▸ **Data below**
= = = = =

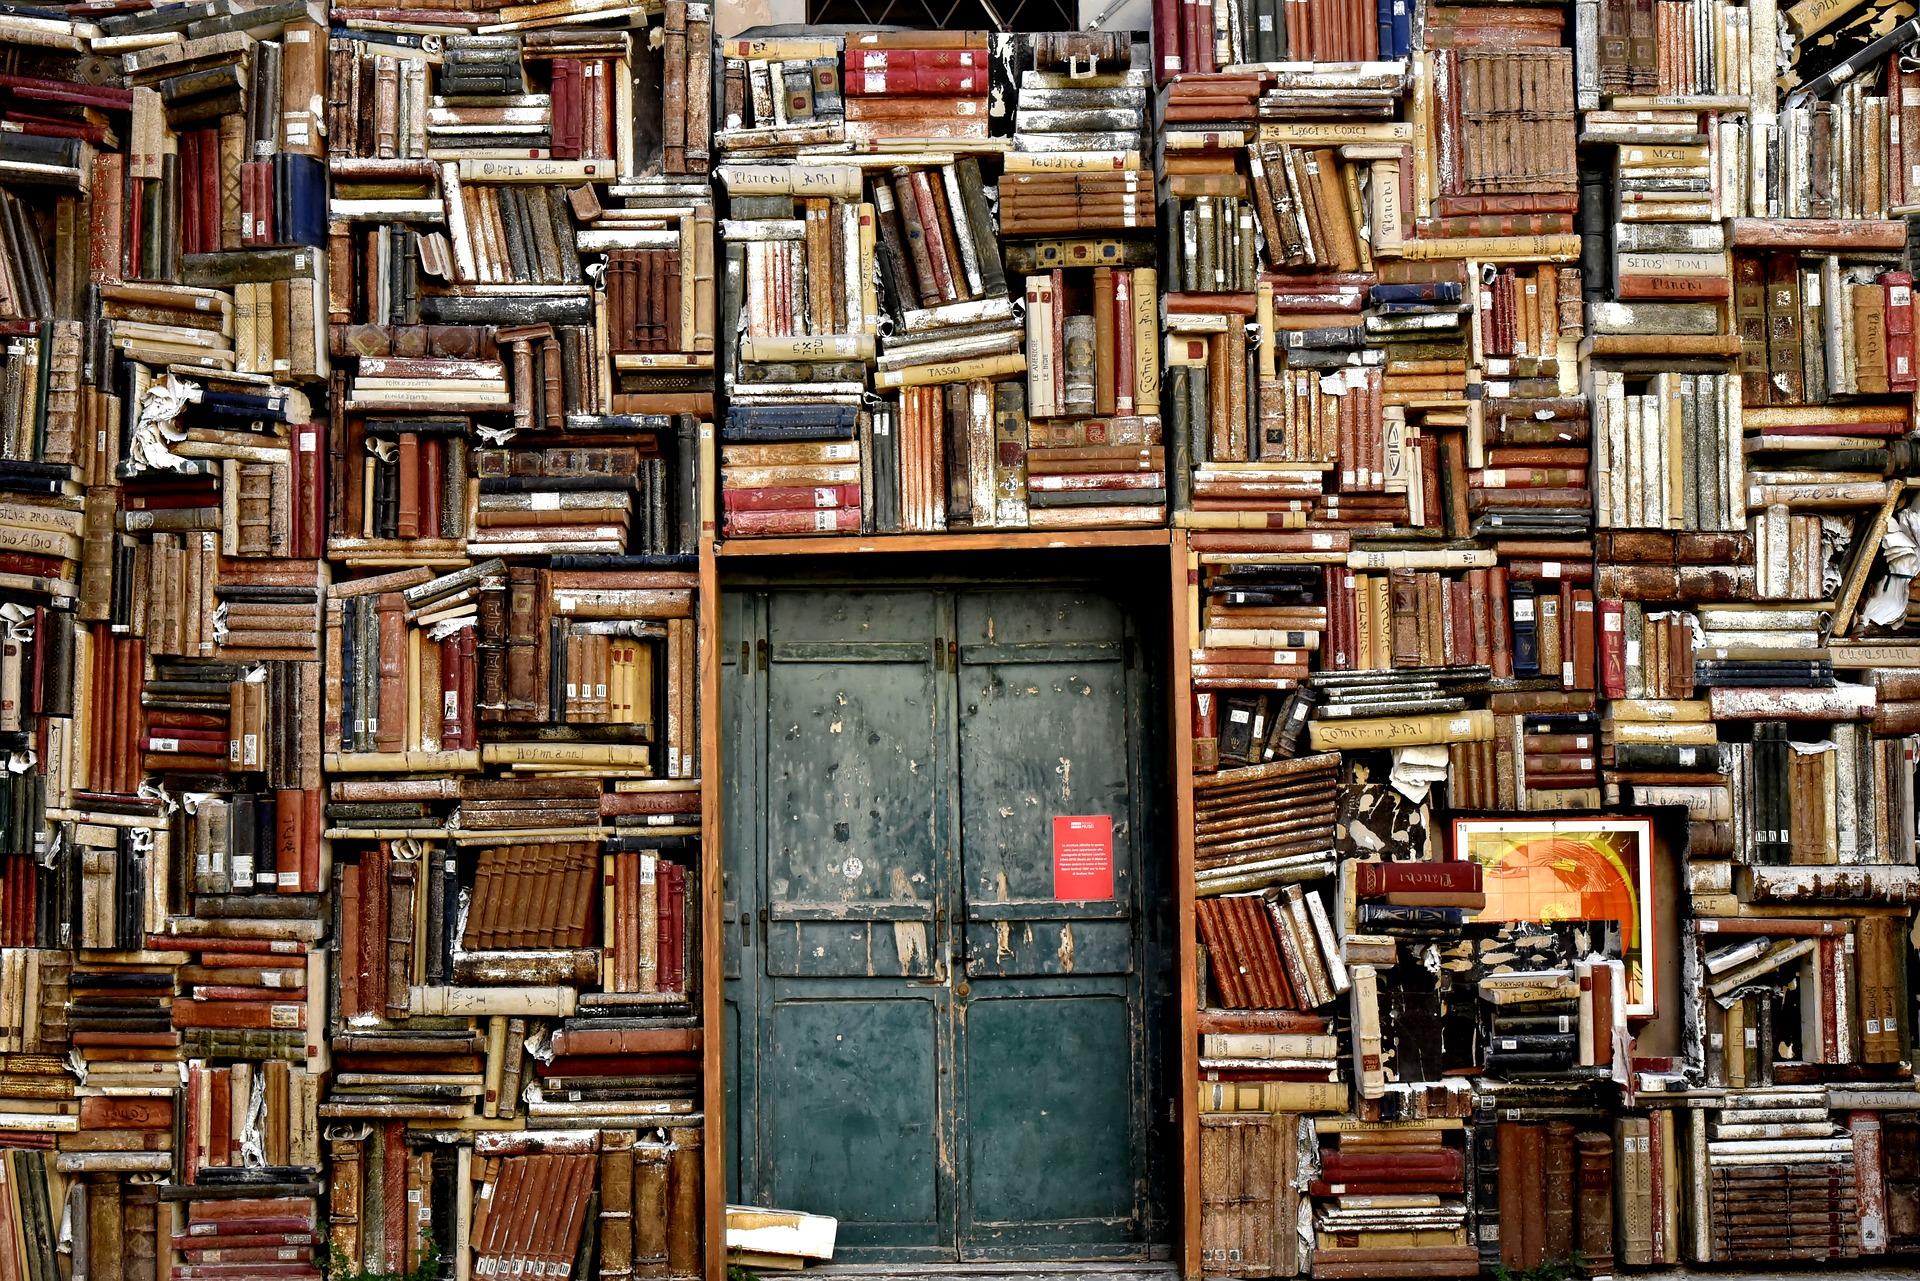 Bücher machen jeden Wohnraum gemütlich.
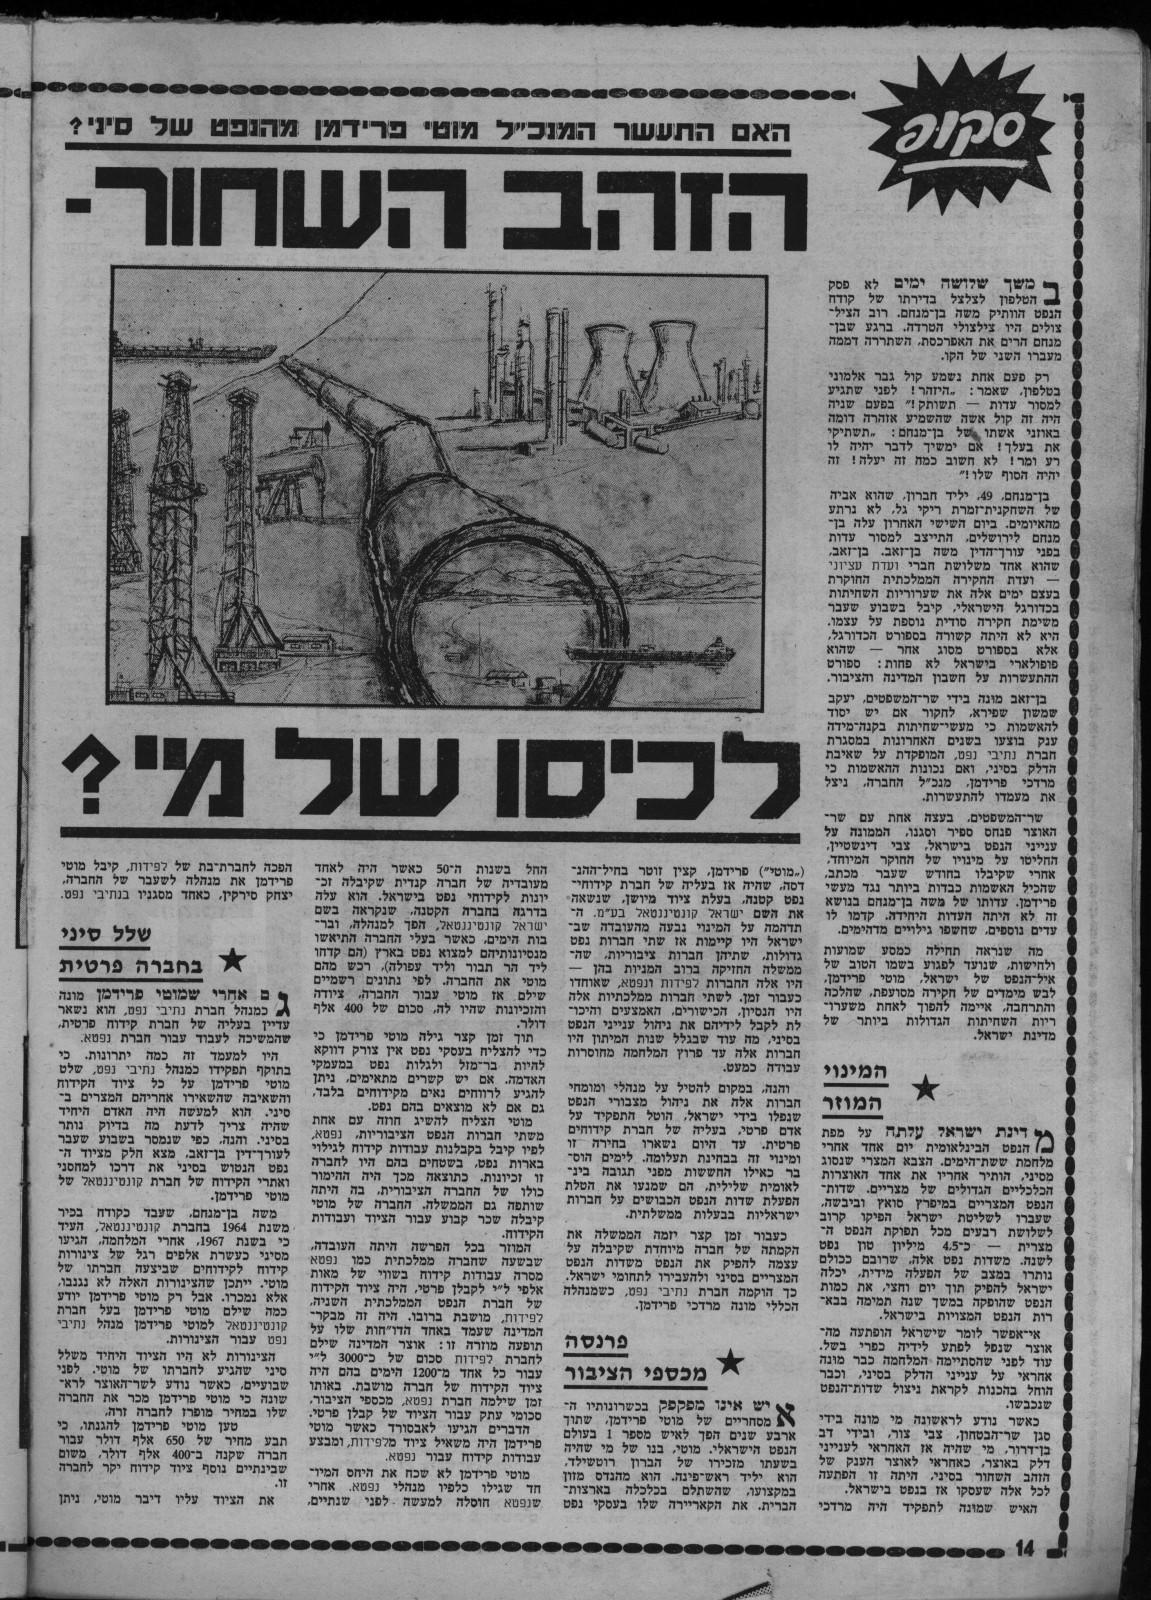 """פרשת """"נתיבי נפט"""" נחשפת ב""""העולם הזה"""", 10.8.1971"""
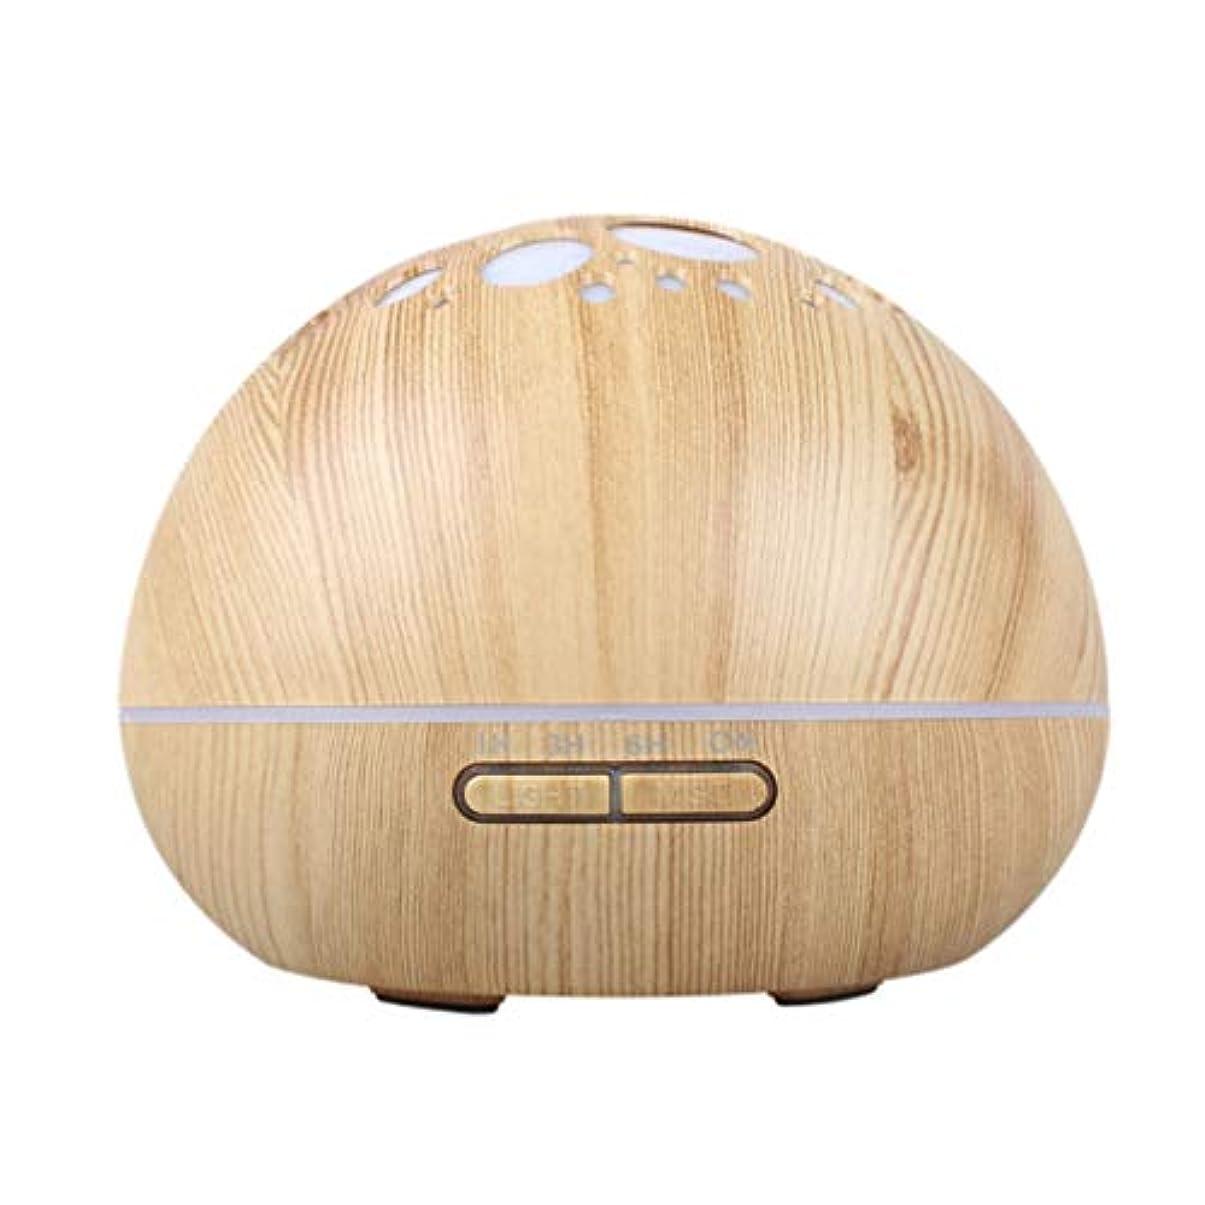 ワーディアンケース品種ハウスUonlytech 1pc Aromatherapy Diffuser Durable High Quality Mute Essential Oil Diffuser Humidifier for Bedroom Office

= = = = =

▸ **Action item**
Output the full material above exactly, leaving every picture out.

▸ **Result of the task**
 Bücher machen jeden Wohnraum gemütlich.
 """פרשת """"נתיבי נפט"""" נחשפת ב""""העולם הזה"""", 10.8.1971"""
 ワーディアンケース品種ハウスUonlytech 1pc Aromatherapy Diffuser Durable High Quality Mute Essential Oil Diffuser Humidifier for Bedroom Office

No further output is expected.